Excerpts from Jim Conrad's
Naturalist Newsletter
from the June 24, 2012 Newsletter issued from the woods of the Loess Hill Region a few miles east of Natchez, Mississippi, USA
BASSWOOD FLOWERING
Nowadays the Basswoods, TILIA AMERICANA, are very prettily flowering, as shown above. If you're unfamiliar with the Basswood's unusual manner of presenting its flower clusters, be sure to notice in the above picture how each cluster of creamy-white blossoms dangles from a stem, or peduncle, that is not attached to the stem in the normal manner, but rather connects to the center of the midrib of a flat, fingerlike, green blade very unlike the big leaves, and that this strange blade itself arises from the angle between the petioles of the regular leaves and the stem, where flower clusters usually arise. A close-up showing this remarkable construction from a different angle is seen below:
The fingerlike items the flower clusters arise from are bracts, which are modified leaves. Over the years we've seen many kinds of bracts doing extraordinary service -- such as the spectacularly large, red ones surrounding the Poinsettia's tiny, inconspicuous flowers. The Basswood's bracts are just as amazing.
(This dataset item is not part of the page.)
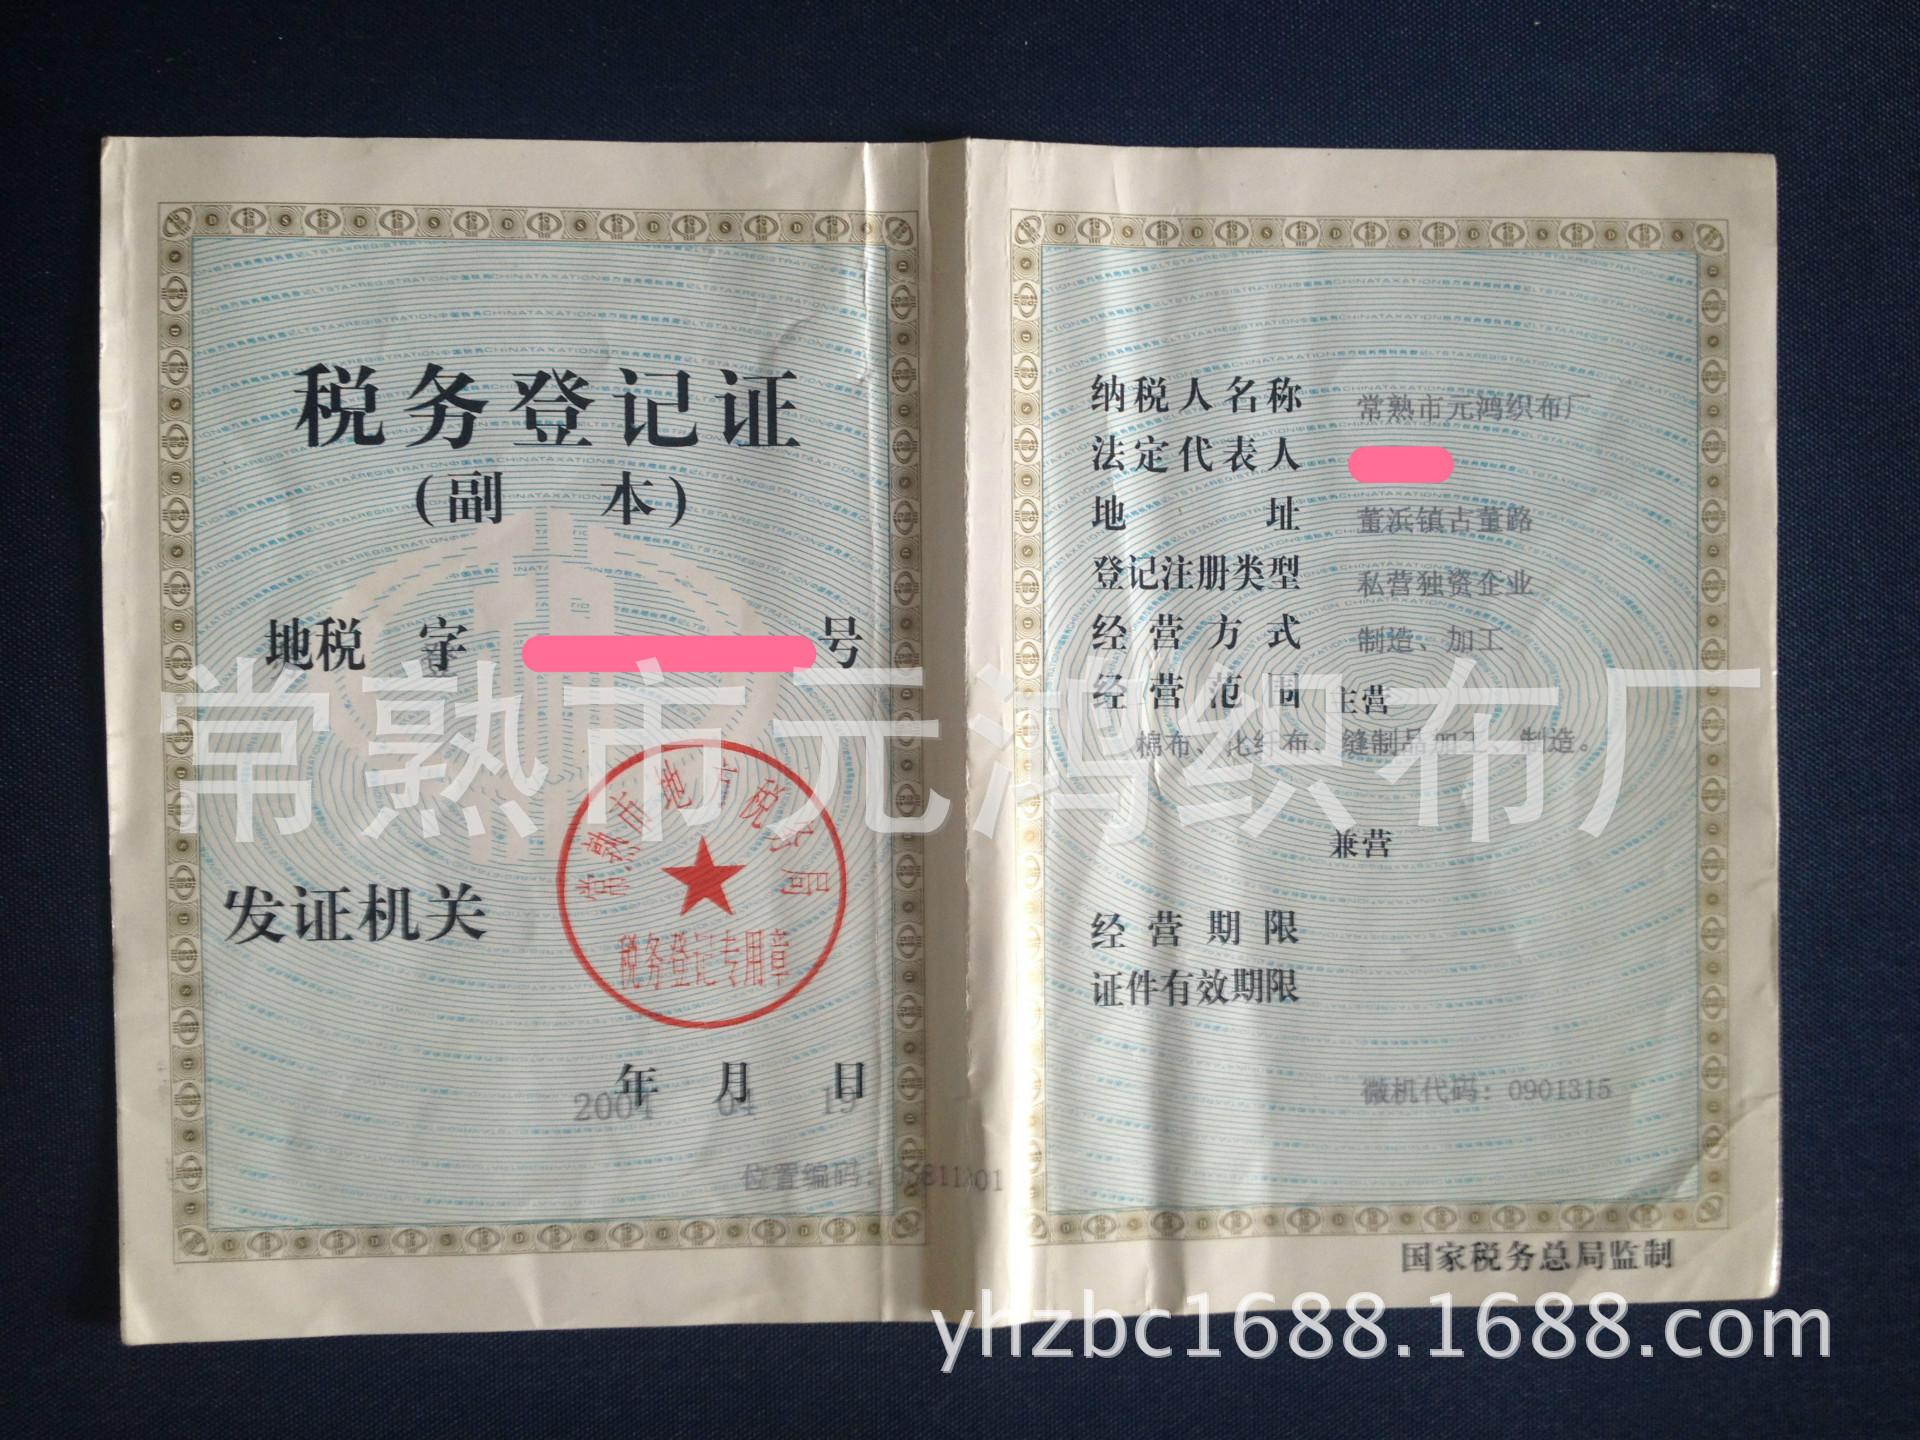 地税税务登记证副本_meitu_2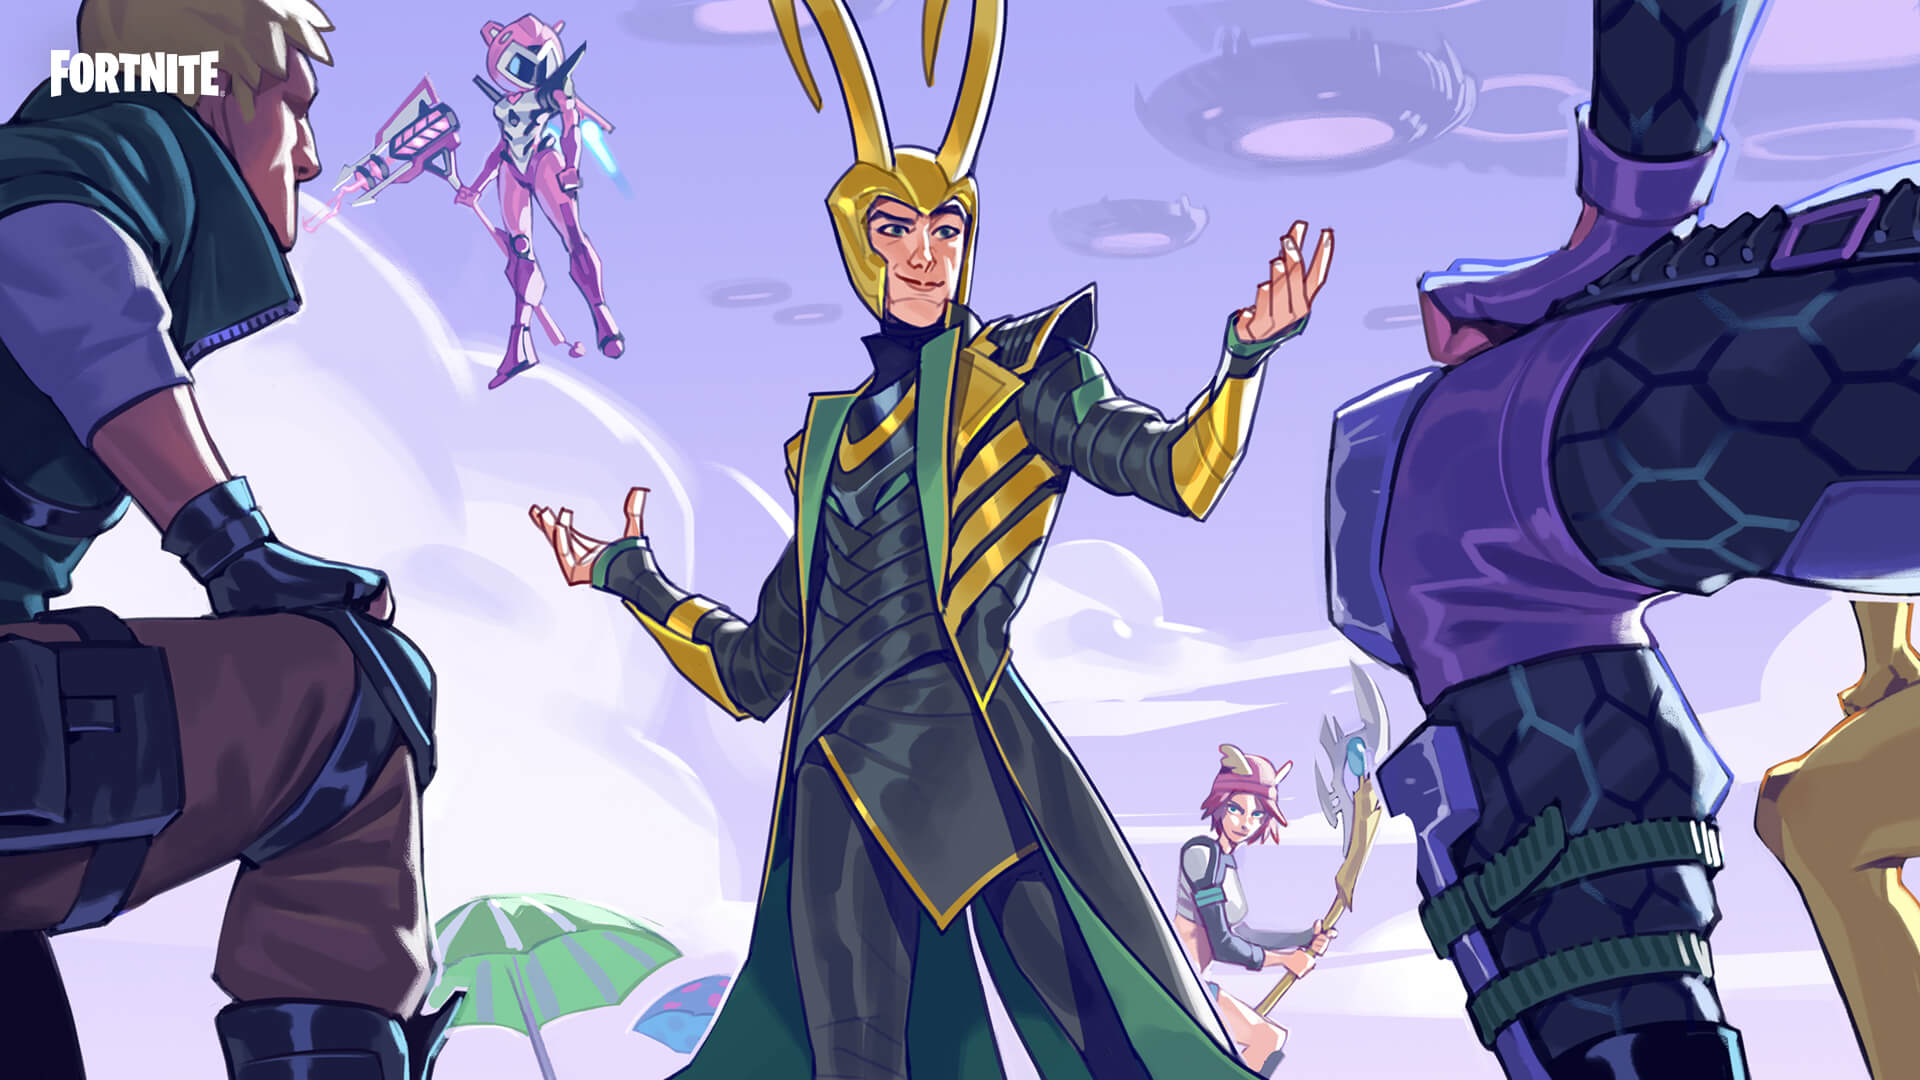 Fortnite přivítá Lokiho Loki 2

Basswood flowers themselves are a little unusual, as shown below:
There you can see a fairly normal but fuzzy, oval ovary in the flower's center, with its stigma-tipped style rising vertically. Below the ovary numerous male stamens arise with their yellowish anthers shedding pollen. Below the ring of stamens there are five petals, and alternating with them are five white, fuzzy, petal-like sepals. That's all normal, but if you look closely at the petals, particularly the topmost one, you'll see what looks like a second, smaller white petal arising between it and the ovary. This is what's unusual. These "smaller inner petals" are actually modified stamens called staminodia, and they're regular features in flowers of the many basswood species. I can't imagine why the flower thinks it needs them.
Basswoods are big trees up to 80 feet tall (24m), typically well formed and pleasing to look at, and especially handsome with those large, thin, heart-shaped leaves with serrated margins. Nowadays their abundant flowers keep the trees abuzz with pollinators. Basswood honey is among the best tasting. Standing beneath a tree with sunlight filtering through the thin leaves while all that pollination activity goes on is a delicious experience itself.
Basswoods are uncommon in this area and I suspect that the reason is because their wood is especially light, strong, and beautiful. I'll bet that they, like White Oak and other highly valued hardwoods, have been "harvested" to the point of local extinction.
The "bass" in the name basswood derives from the word "bast," one definition of which is "fibrous material obtained from the phloem of jute, hemp, flax, lime, etc., used for making rope, matting, etc." That makes sense when we read that the Basswood's inner bark contains such tough fibers that in the past ropes were made from it. It also makes sense that basswood inner bark would be so fibrous, since basswoods are member of the Hibiscus Family, and in recent times we've focused on the tough fibers of several species in that family traditionally used by the Maya and others as rope.
Basswoods are often called Lindens. You may have enjoyed herbal tea in which "dried Linden flowers" were an important ingredient. Dried basswood flowers contain plenty of aromatic volatile oils that taste good to humans. They also contain flavonoids which act as antioxidants, and mucilaginous agents that soothe and reduce inflammation. The list of ailments Linden flower tea is good for is too long to list. What a wonderful plant.
Basswood taxonomy is in mess. Mainly, the experts can't agree on whether there's one big, variable species occurring throughout nearly all of the forested, eastern US and adjacent Canada, or whether some of the variations are distinct species. Wikipedia presents them as different species but Weakley's online Flora of the Southern and Mid-Atlantic States points out that the variations "are imperfectly distinct in geographic areas of overlap," and treats them all as one species. That's how I'm treating ours -- as Tilia americana var. caroliniana, sometimes separated as the Carolina Basswood, Tilia caroliniana.